El telégrafo...
Desde siempre he sentido admiración por Domingo Faustino Sarmiento. Entre las muchas paradojas que acompañaron al ilustre sanjuanino, no es menor la posterior a su muerte: que para honrar al presidente que ni una vez faltó al colegio, se permita faltar a los alumnos en la efeméride.
Me entusiasmaba entonces y ahora, de
Sarmiento, su acento en la educación, su iluminismo, la energía con que
convertía en actos estas convicciones; la utilización del poder en función de
extender el progreso y no de su usufructo en sí mismo. Y muy especialmente sus
salidas imprevisibles, su osadía en las polémicas, su humor vitriólico. Todas
estas condiciones configuraban un cuadro personal que lograban que, durante las
clases más aburridas de mi cuarto grado, yo alzara la vista hacia el retrato de
Sarmiento arriba del pizarrón, y me sintiera menos desolado, aunque Sarmiento
estuviera serio como un director enojado.
Ese cuarto grado fue la primera vez
en mi vida que me prestaron un libro. Había leído ya varios: las fábulas de
Esopo, Samaniego y Lafontaine; los relatos de la Biblia para niños de Joachim
Prinz, editado por Sigal; la Ilíada y la Odisea para niños en la edición de
Sigmar.

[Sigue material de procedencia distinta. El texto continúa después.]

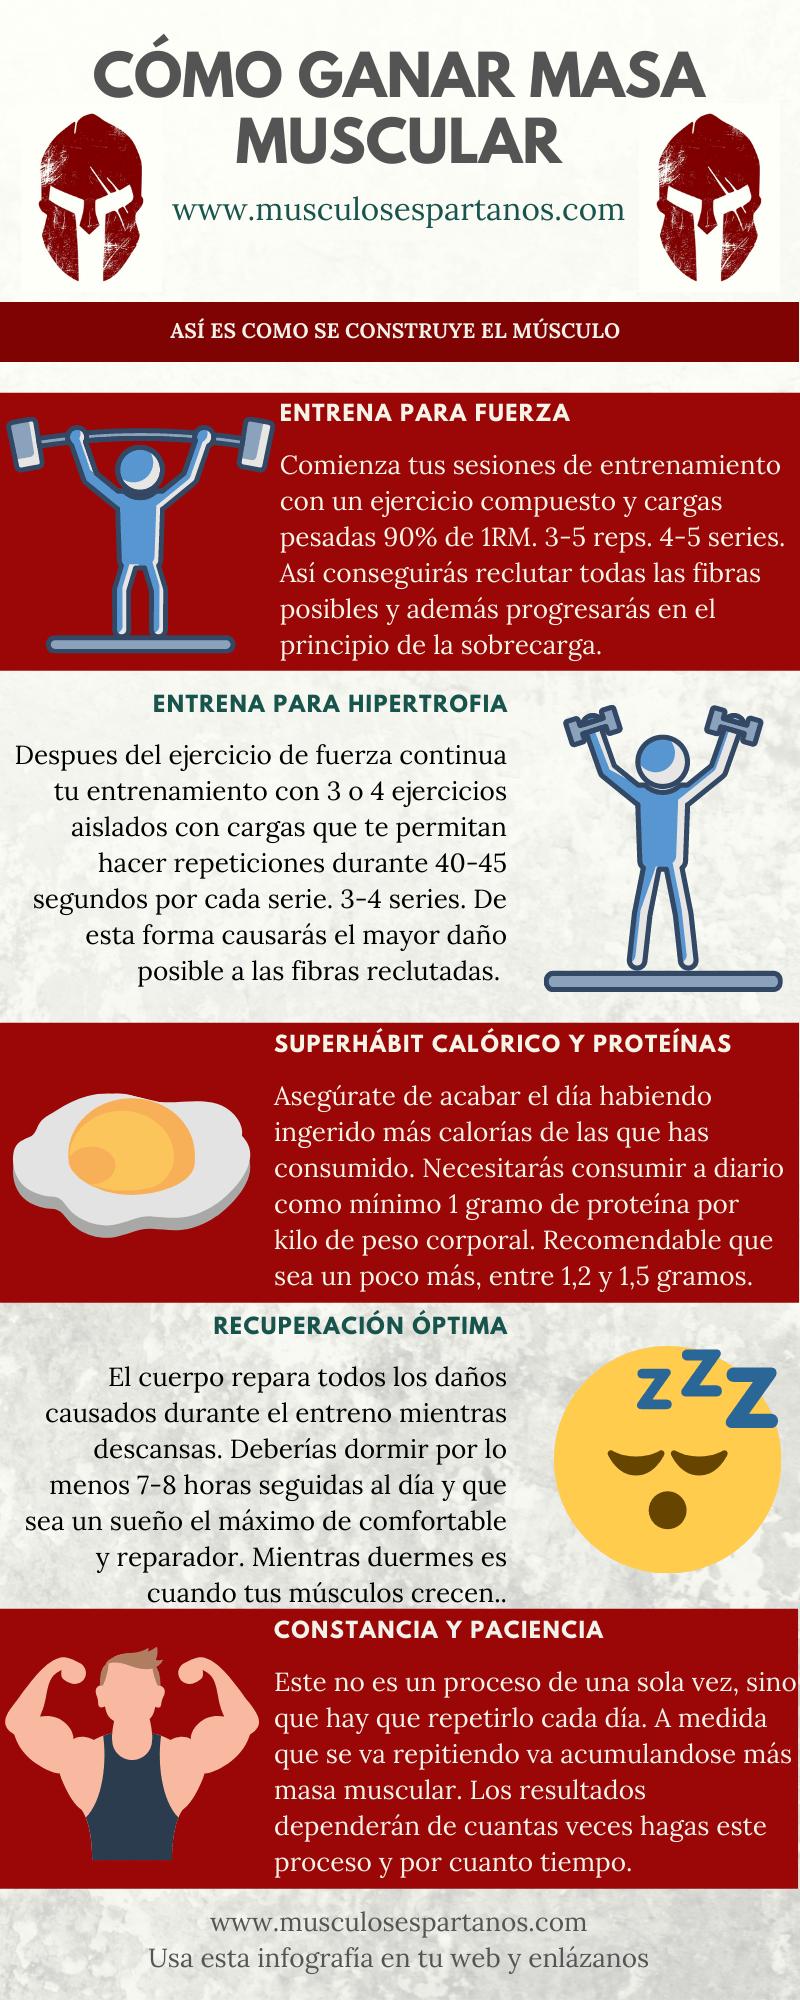 infografia ganar masa muscular
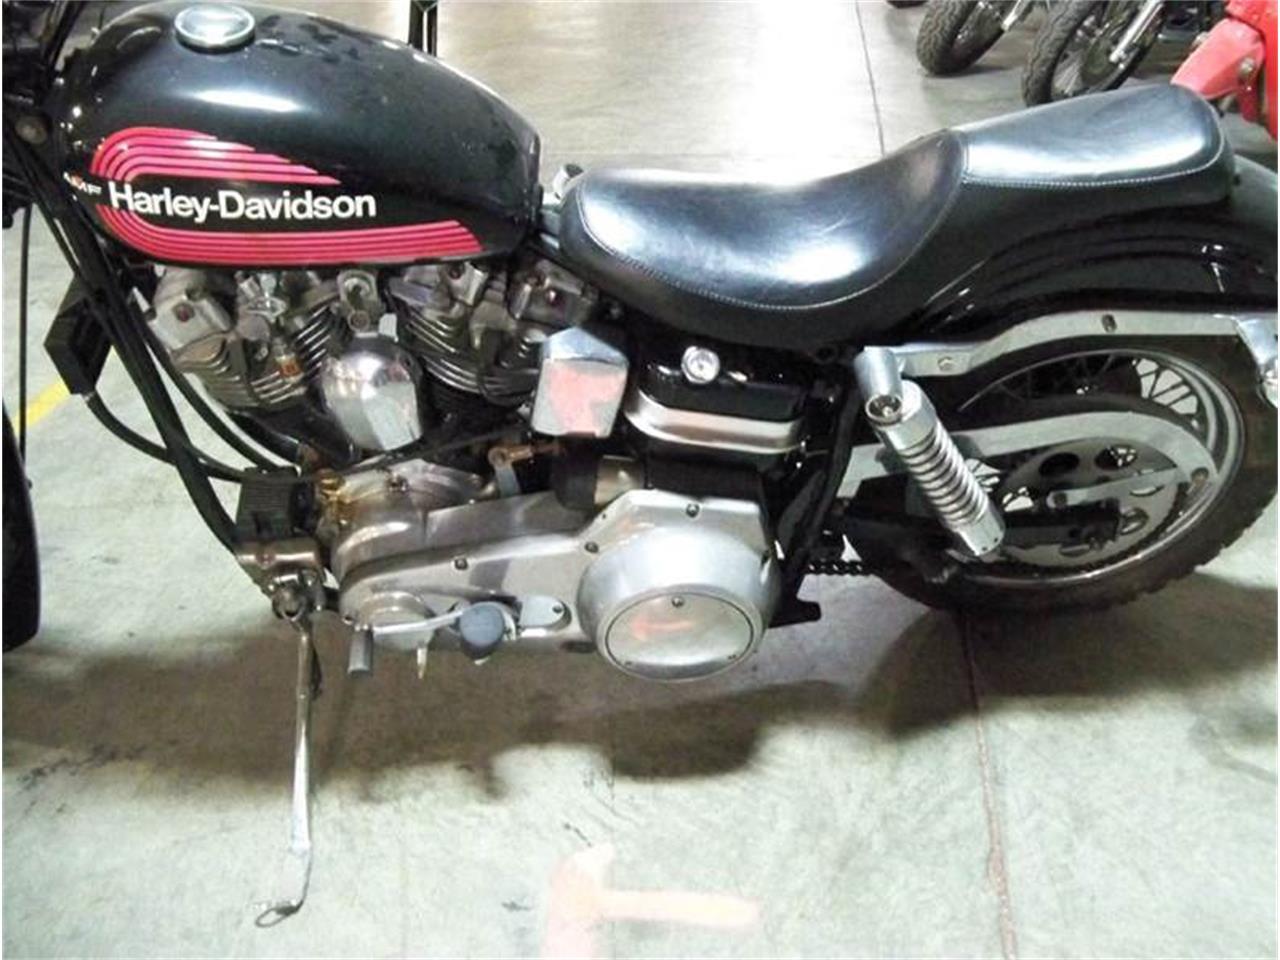 1976 Harley-Davidson Super Glide (CC-1010905) for sale in Effingham, Illinois

Pero eran todos de mi propiedad. Espero no derramar sobre mi el oprobio
si confieso que el libro me lo prestó mi maestra de cuarto grado. Ella nos
había leído una de las anécdotas de la vida de Sarmiento de un libro
encuadernado en verde, y la historia me gustó tanto que la propia maestra me
ofreció prestármelo. No recuerdo quién era el autor, ni si alguna vez lo supe.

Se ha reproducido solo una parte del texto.